Sunday, August 18, 2013

Data Multi-tenancy

Multi-tenancy
The term multi-tenancy in general is applied to software development to indicate an architecture in which a single running instance of an application simultaneously serves multiple clients (tenants). This is highly common in SaaS solutions.

Data Multi-tenancy
Isolating information (data, customizations, etc) pertaining to the various tenants is a particular challenge in these systems. This includes the data owned by each tenant stored in the database. It is this last piece, sometimes called multi-tenant data, on which we will focus.

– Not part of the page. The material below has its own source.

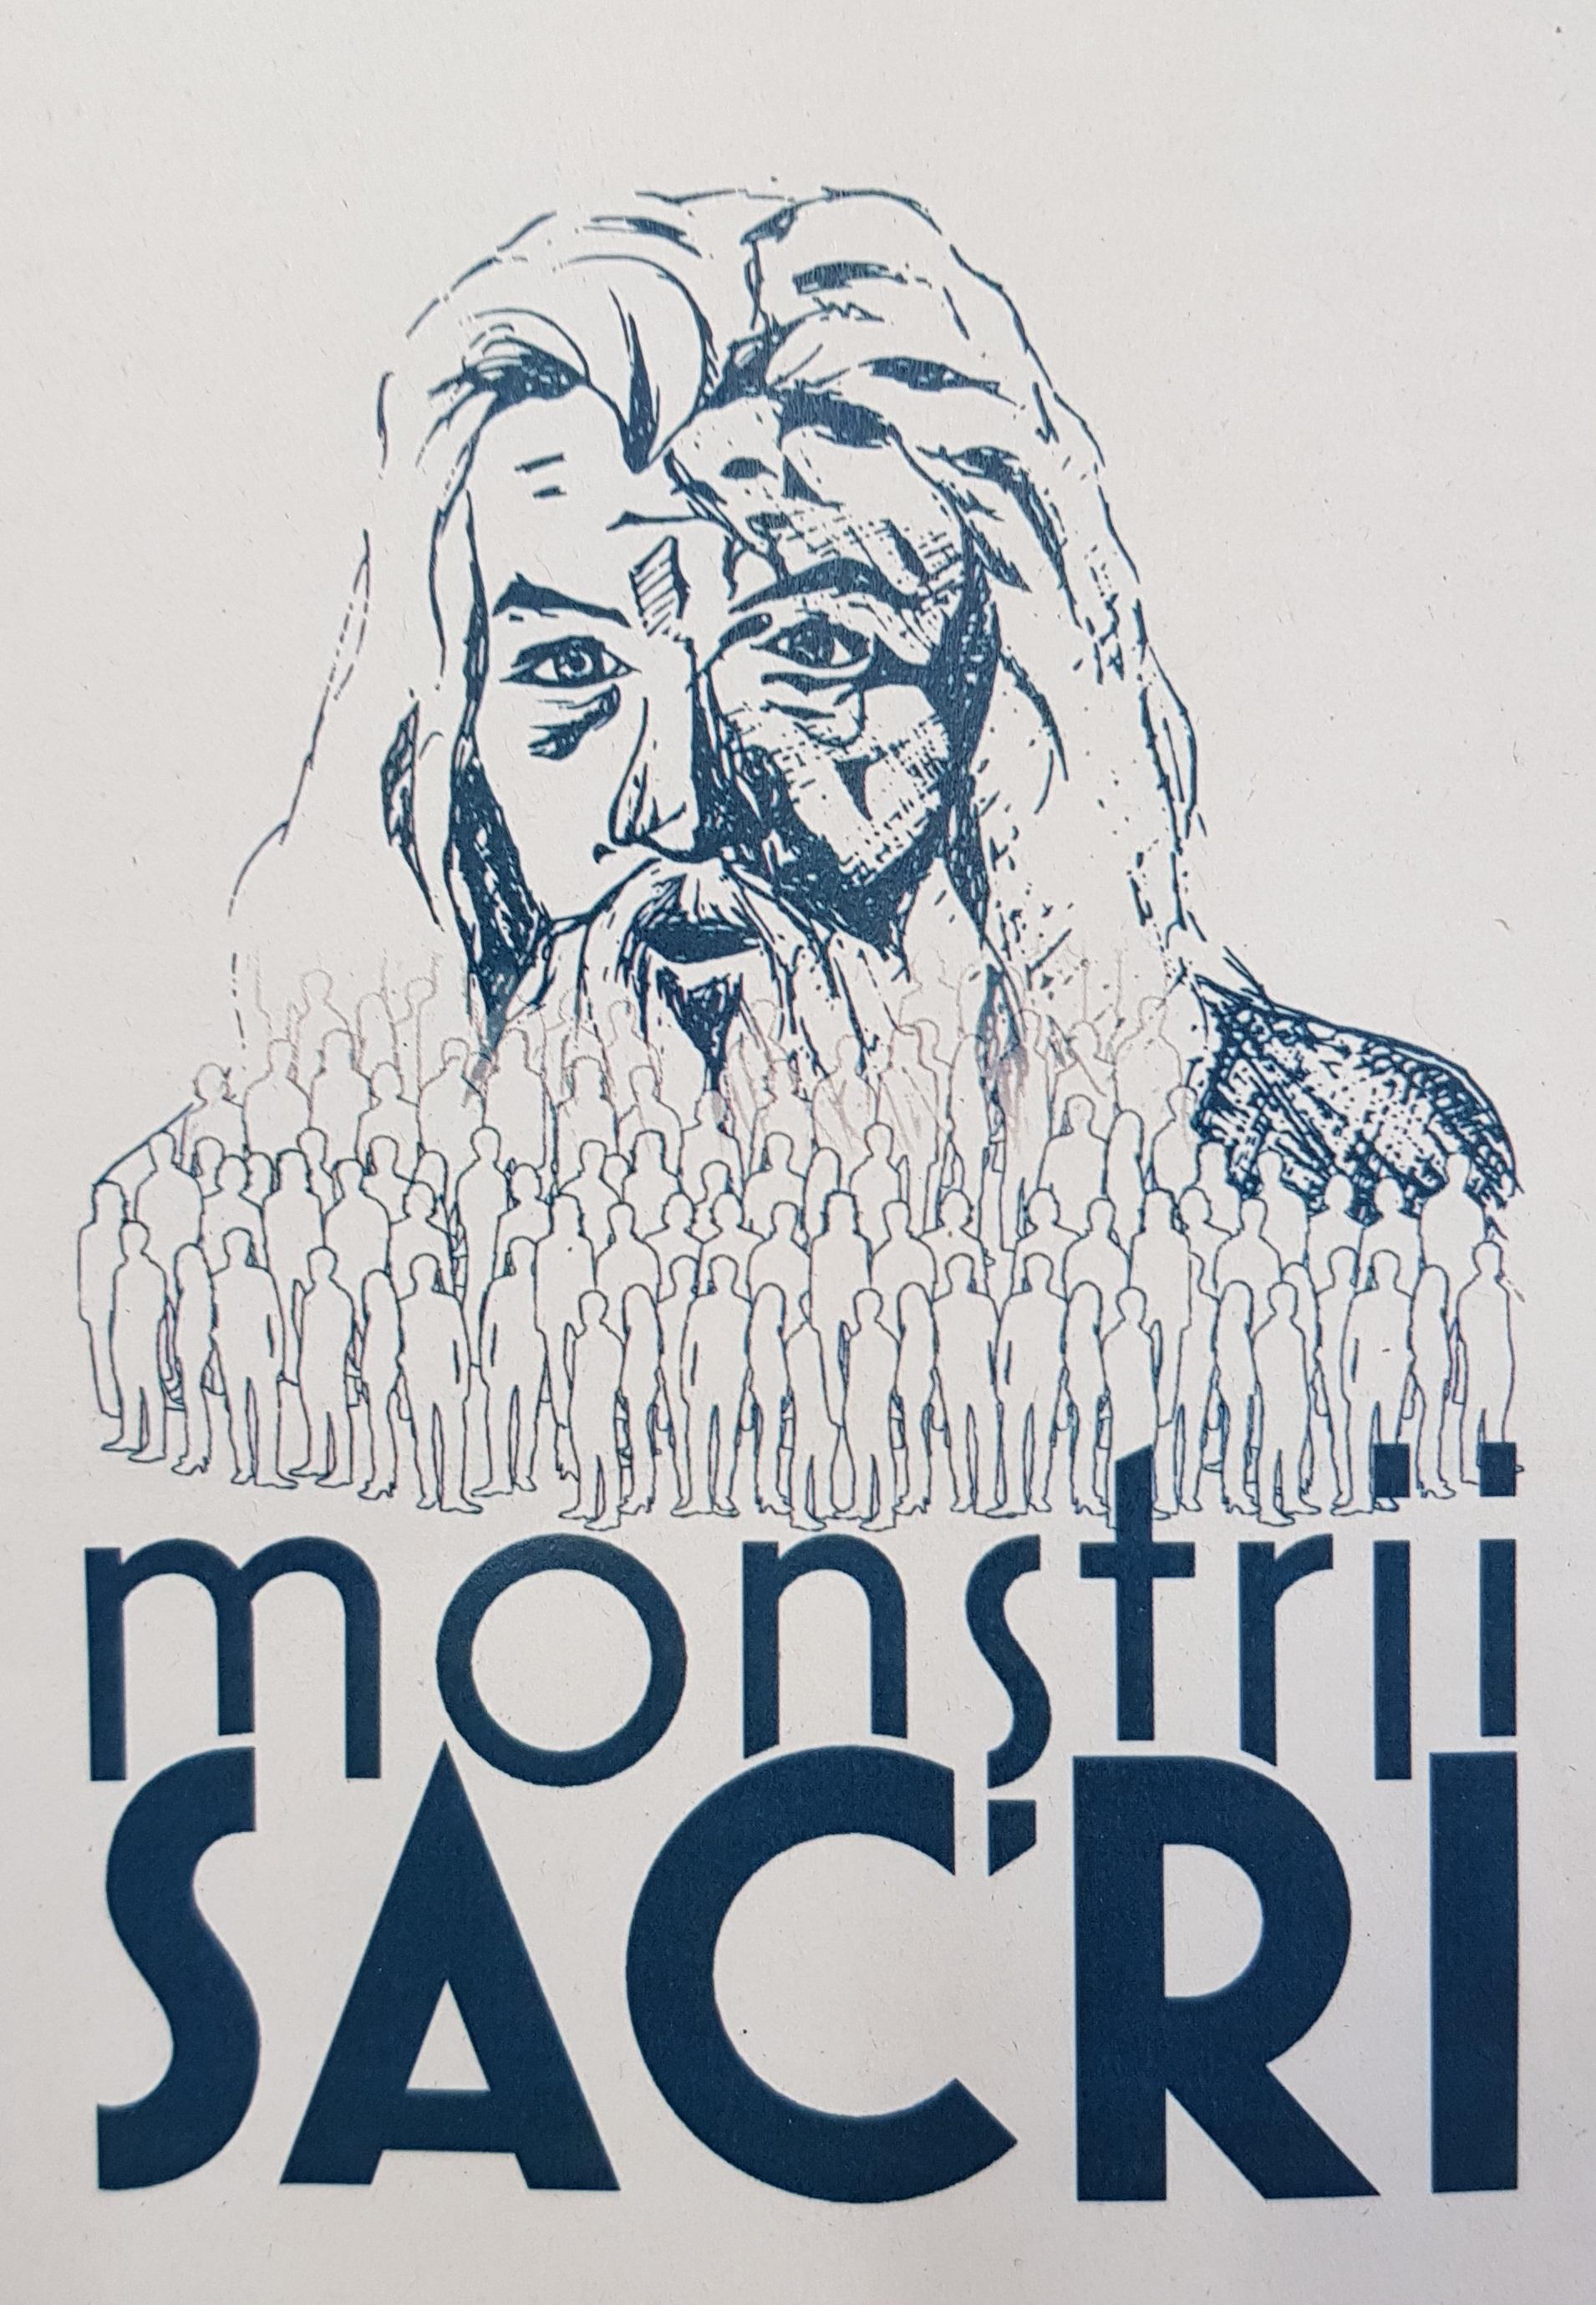 Monstrii Sacri logo
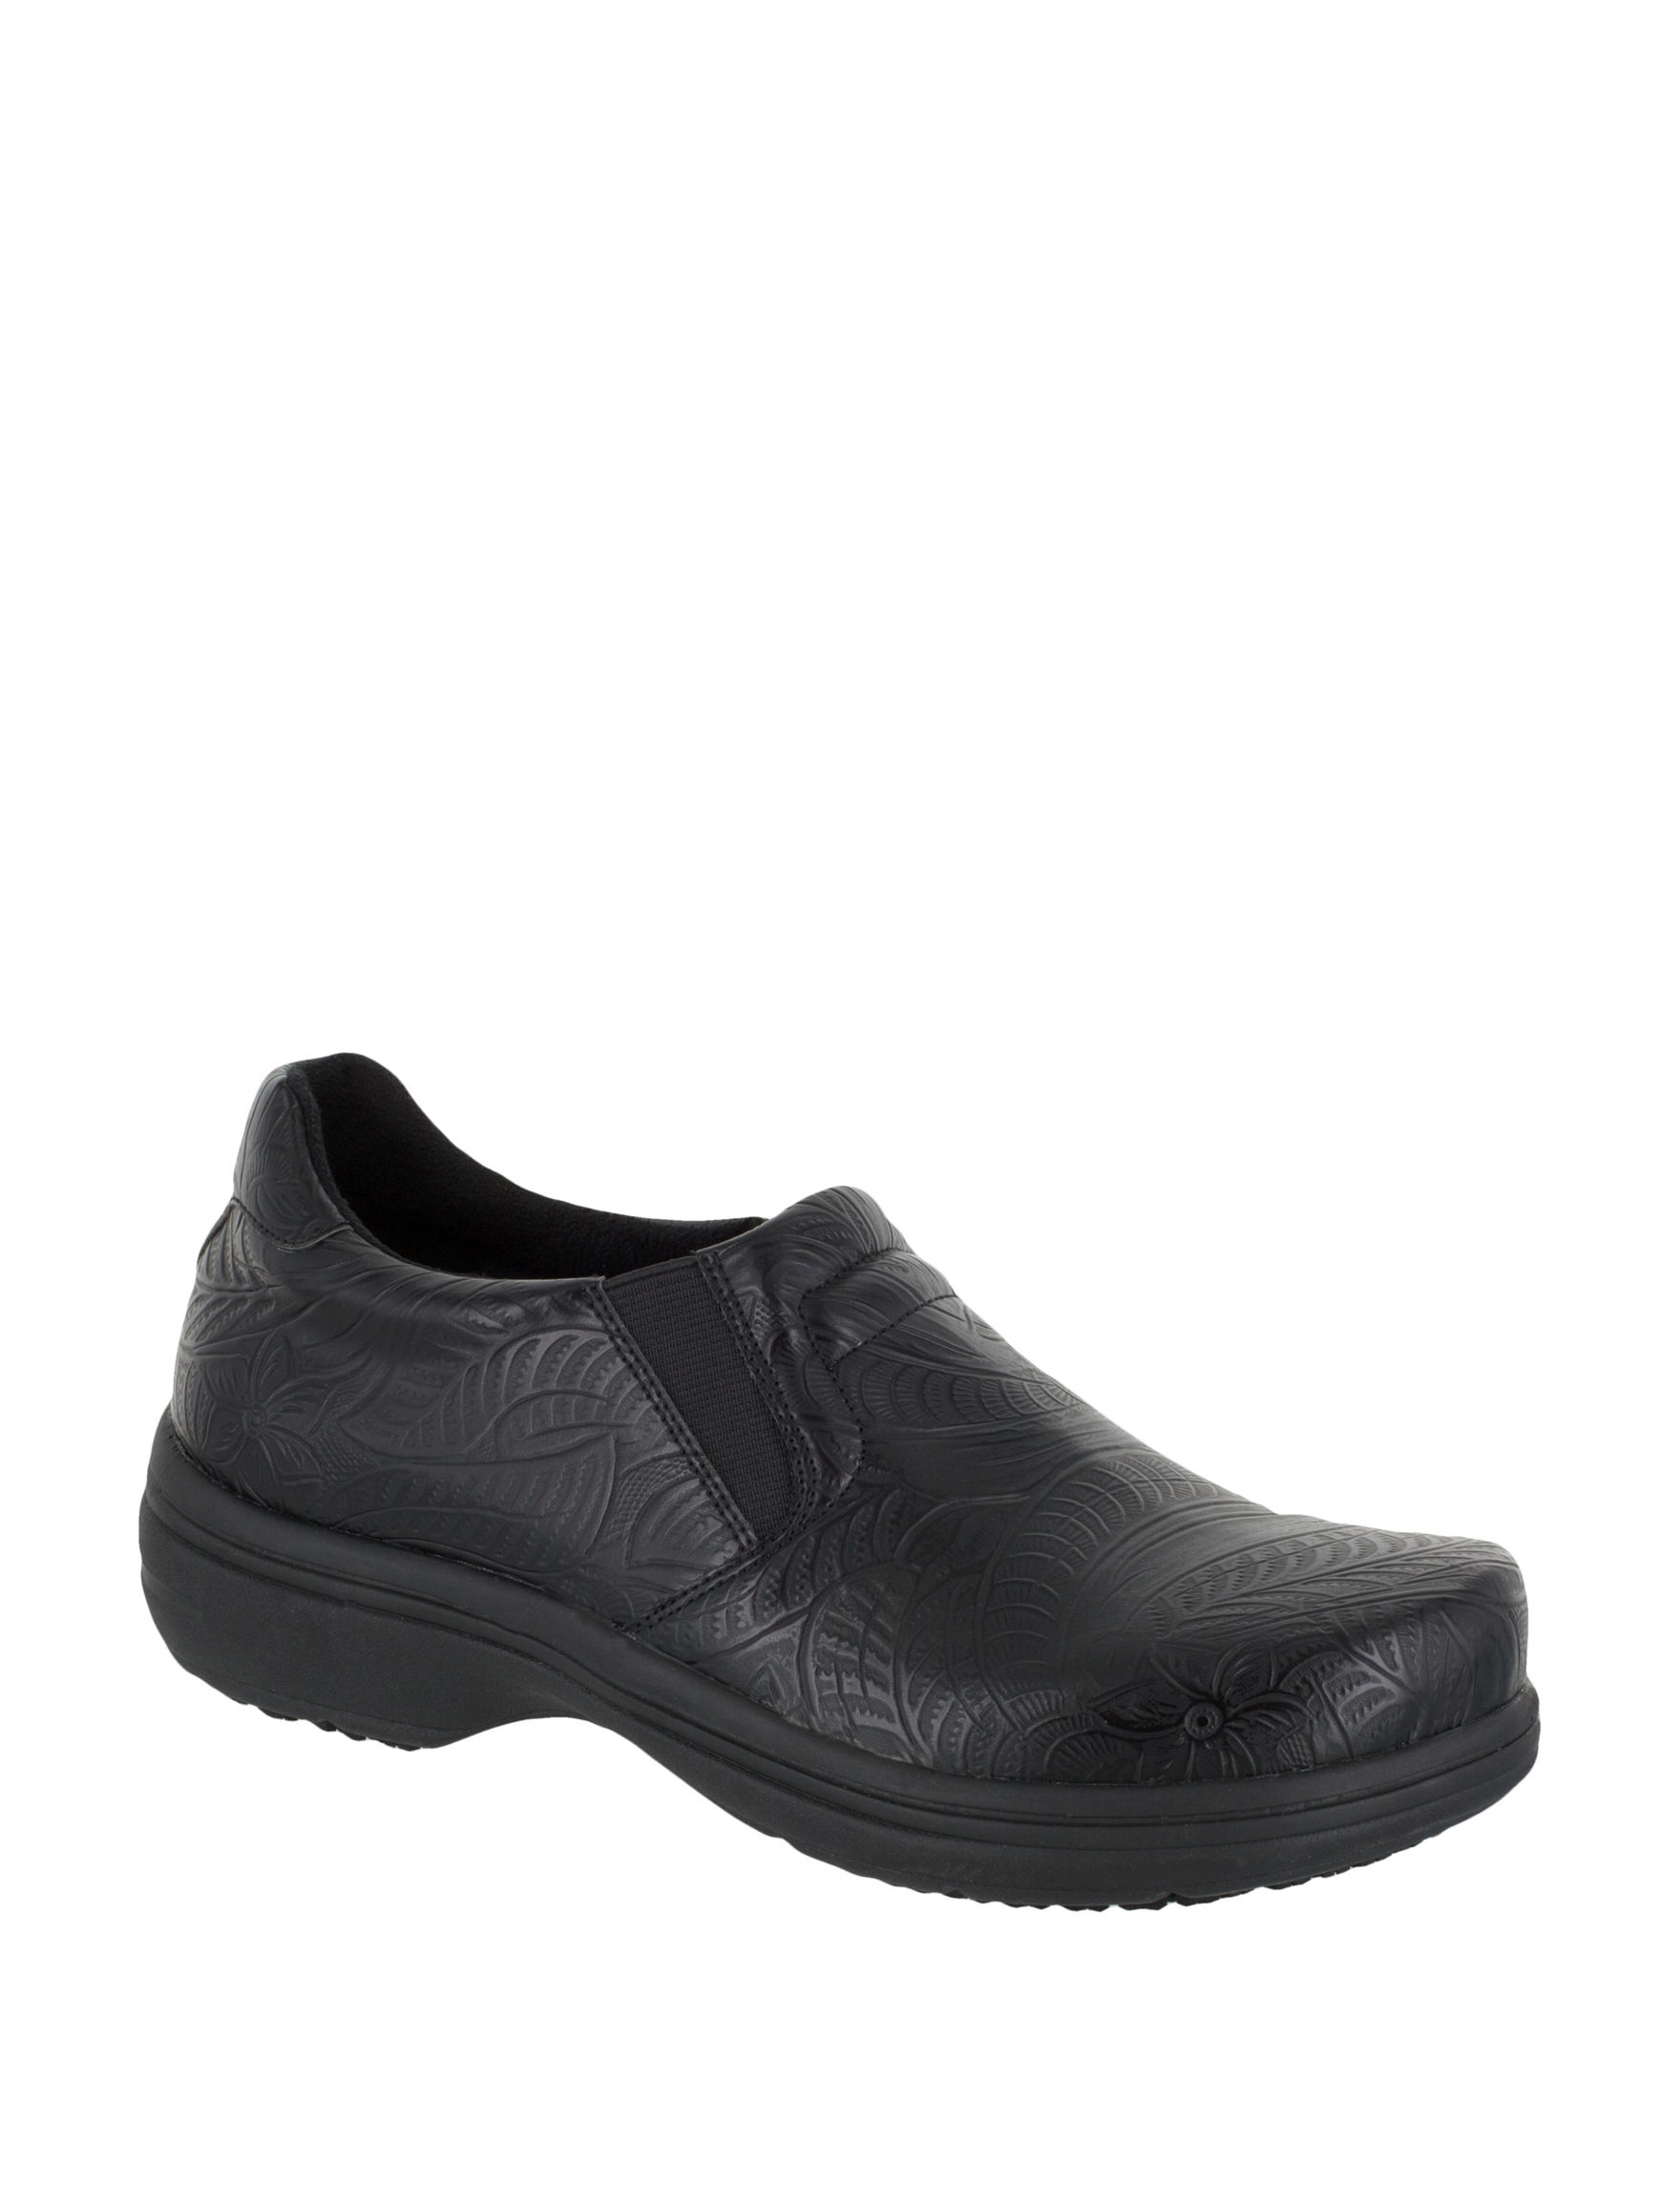 Easy Works by Easy Street Black Clogs Slip Resistant

Multi-tenant data approaches
There are 3 main approaches to isolating information in these multi-tenant systems which goes hand-in-hand with different database schema definitions and JDBC setups. Each approach has pros and cons as well as specific techniques and considerations. Multi-TenantData Architecture does a great job of covering these topics.

Separate database
Each tenant's data is kept in a physically separate database instance. JDBC Connections would point specifically to each database, so any pooling would be per-tenant. A general application approach here would be to define a JDBC Connection pool per-tenant and to select the pool to use based on the“tenant identifier” associated with the currently logged in user.

Separate schema
Each tenant's data is kept in a distinct database schema on a single database instance. There are 2 different ways to define JDBC Connections here:

  • Connections could point specifically to each schema, as we saw with the Separate databaseapproach. This is an option provided that the driver supports naming the default schema in the connection URL or if the pooling mechanism supports naming a schema to use for its Connections. Using this approach, we would have a distinct JDBC Connection pool per-tenant where the pool to use would be selected based on the “tenant identifier” associated with the currently logged in user.
  • Connections could point to the database itself (using some default schema) but the Connections would be altered using the SQL SET SCHEMA (or similar) command. Using this approach, we would have a single JDBC Connection pool for use to service all tenants, but before using the Connection it would be altered to reference the schema named by the “tenant identifier” associated with the currently logged in user.

Partitioned (discriminator) data
All data is kept in a single database schema. The data for each tenant is partitioned by the use of partition value or discriminator. The complexity of this discriminator might range from a simple column value to a complex SQL formula. Again, this approach would use a single Connection pool to service all tenants. However, in this approach the application needs to alter each and every SQL statement sent to the database to reference the “tenant identifier” discriminator.

Data Multi-tenancy in Hibernate
Using Hibernate with multi-tenant data comes down to both an API and then integration piece(s). As usual Hibernate strives to keep the API simple and isolated from any underlying integration complexities. The API is really just defined by passing the tenant identifier as part of opening any session.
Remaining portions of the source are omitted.